Congress is on break starting today through the Thanksgiving holiday. The House returns to work December 2nd for two weeks and the Senate returns the following week of December 9th. Unfortunately, budget negotiations did not result in top-line numbers for FY2014 spending before lawmakers left town, leaving appropriators very little time to draft an omnibus spending bill before the current continuing resolution (CR) runs out on January 15th. Appropriators and their staff say they need at least 30 days to put together an omnibus bill to keep the government running when the current stopgap spending measure (PL 113-46) expires on January 15th.

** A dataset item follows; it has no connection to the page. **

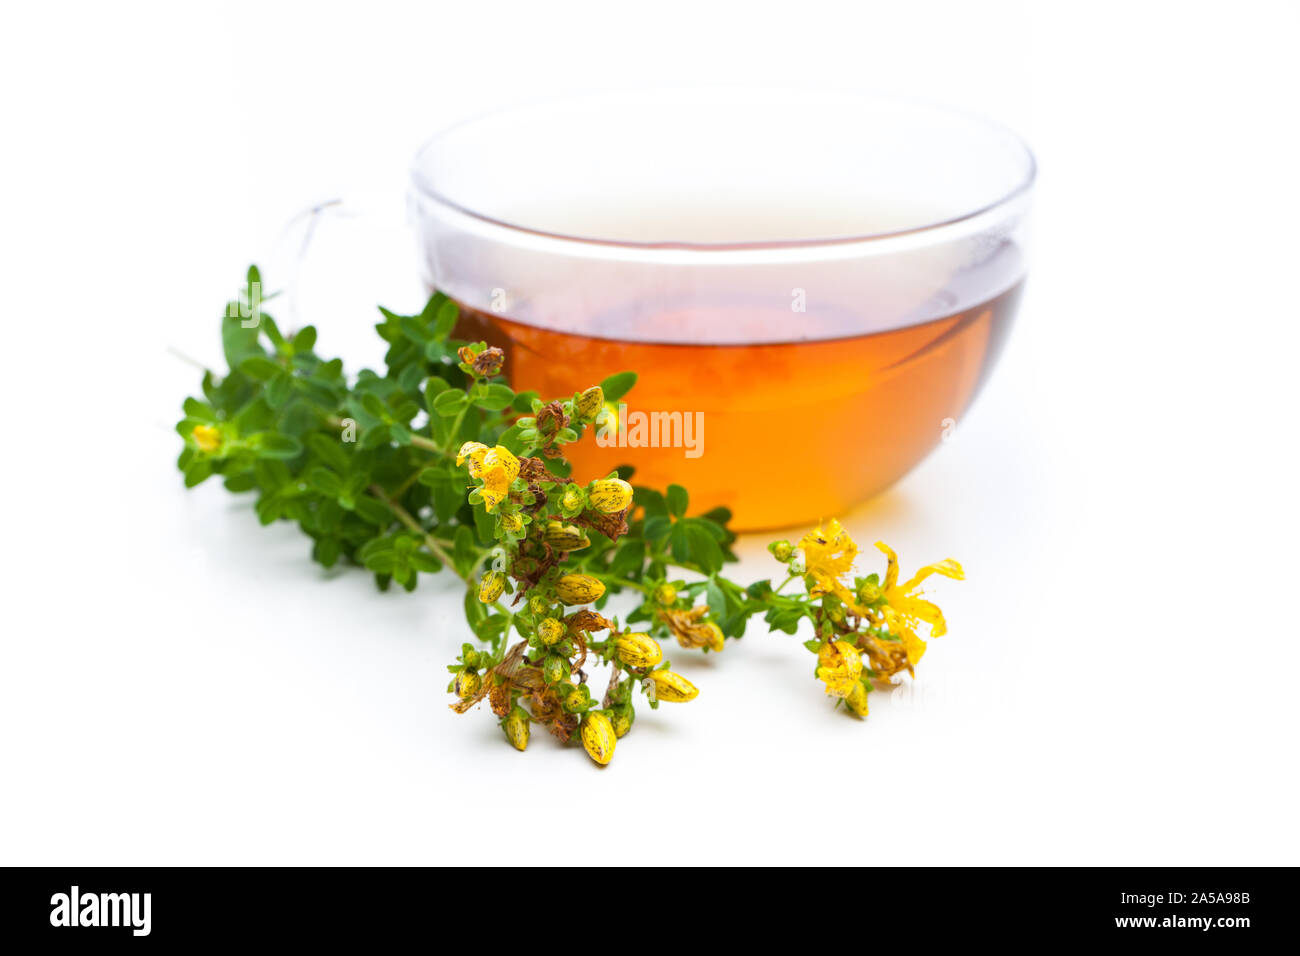 Plantas medicinales: hierba de San Juan (Hypericum perforatum) y el té es una planta con flores. Foto de stock
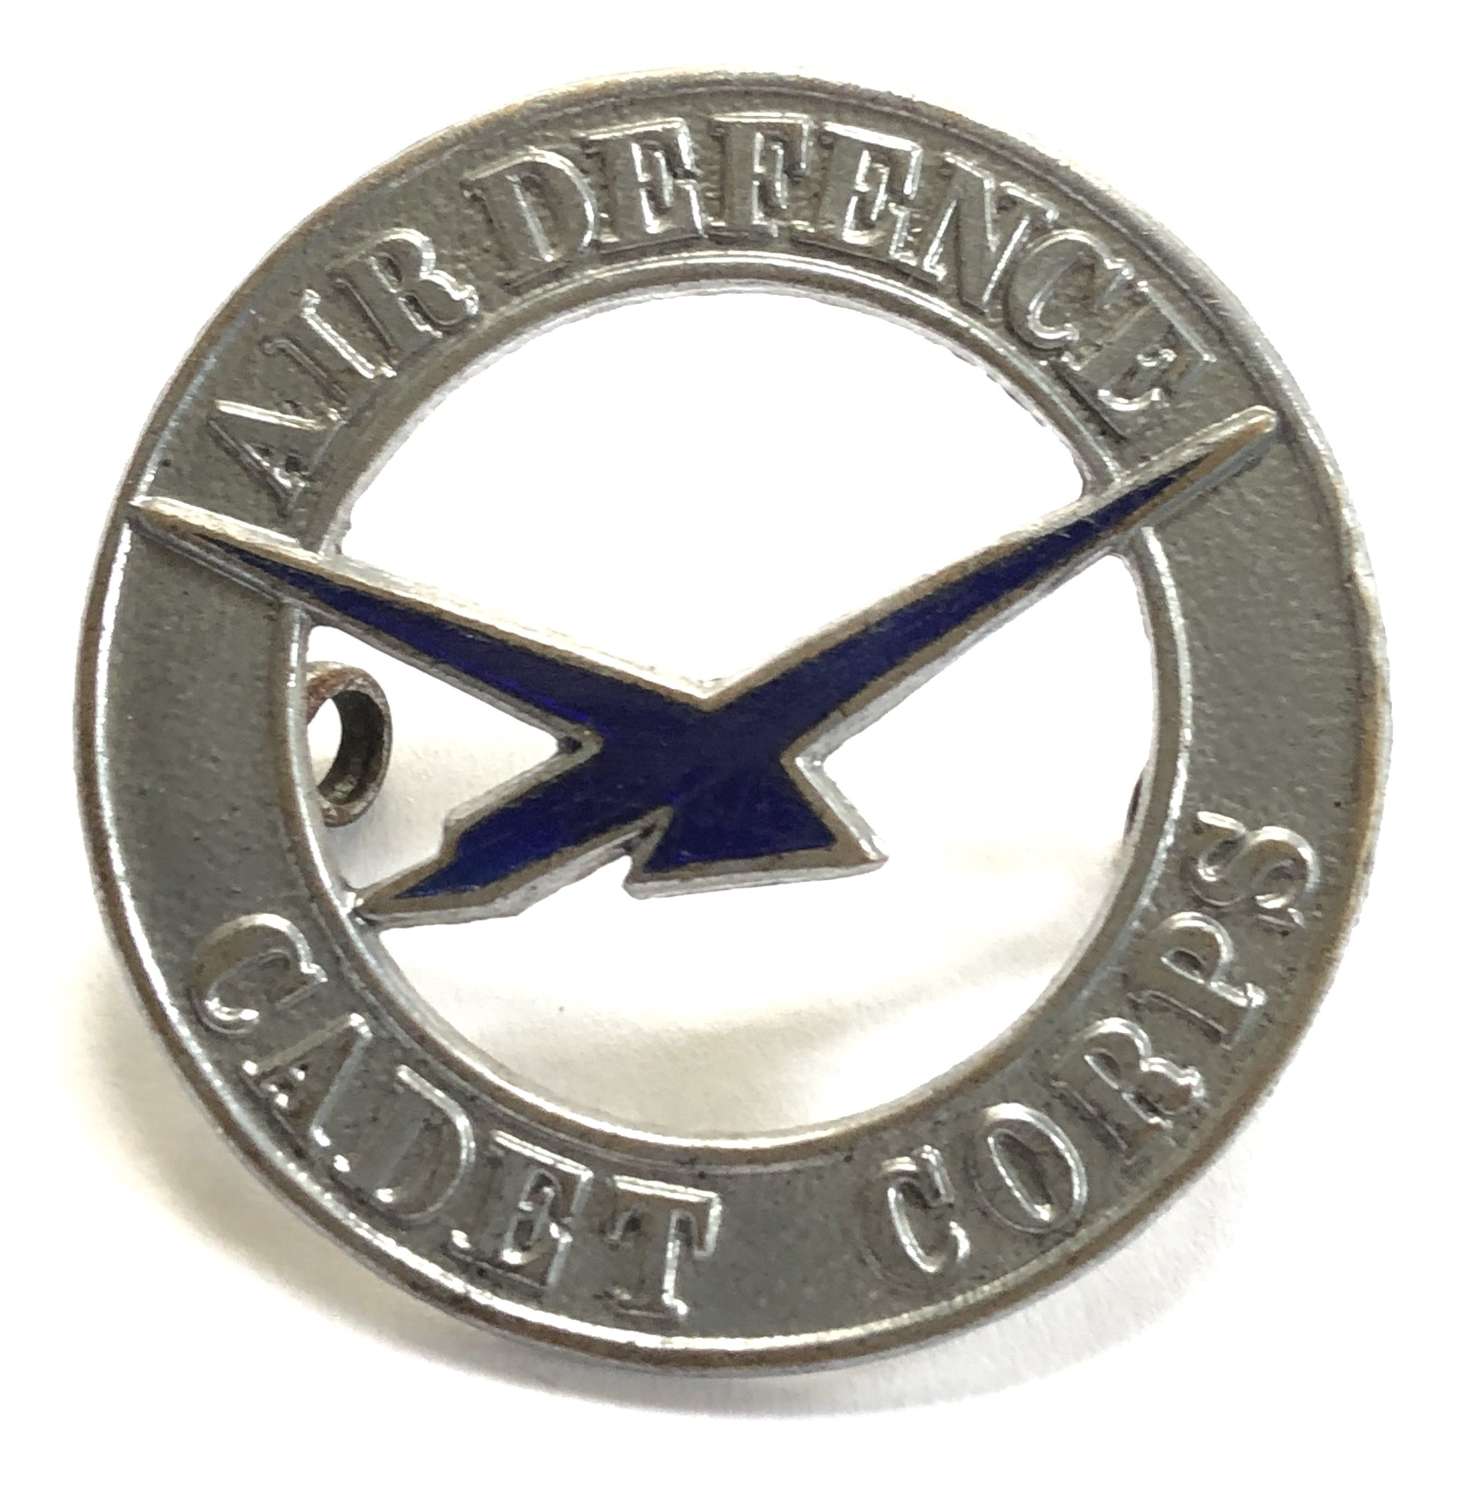 Air Defence Cadet Corps cap badge circa 1938-41

House leaders have stated that they will try to advance a new CR at the sequester level of $967 billion for discretionary spending set under the 2011 Budget Control Act (PL 112-25) if budget negotiators can’t produce a deal.

But appropriators are concerned not only about the current year but that the appropriations cycle for FY2015 will face the same challenges that the FY2014 process has faced. The House and Senate Budget Committees traditionally pass concurrent budget resolutions in April each year that provide the framework for appropriators to proceed on the 12 annual spending bills. Work on FY2014 bills fell apart in August after the House and Senate appropriations committees spent months working under different top lines, known as 302(a) allocations, and no compromise was forged to bridge the $91 billion gap between the House and Senate plans. Appropriators believe now is the best chance to create a top line number for FY2015, several months ahead of schedule, which could help restore regular order to the appropriations process.

But now nothing will happen for at least a week or two while everyone enjoys their Thanksgiving break. The game clock, however, keeps ticking toward the January 15th deadline of the existing CR.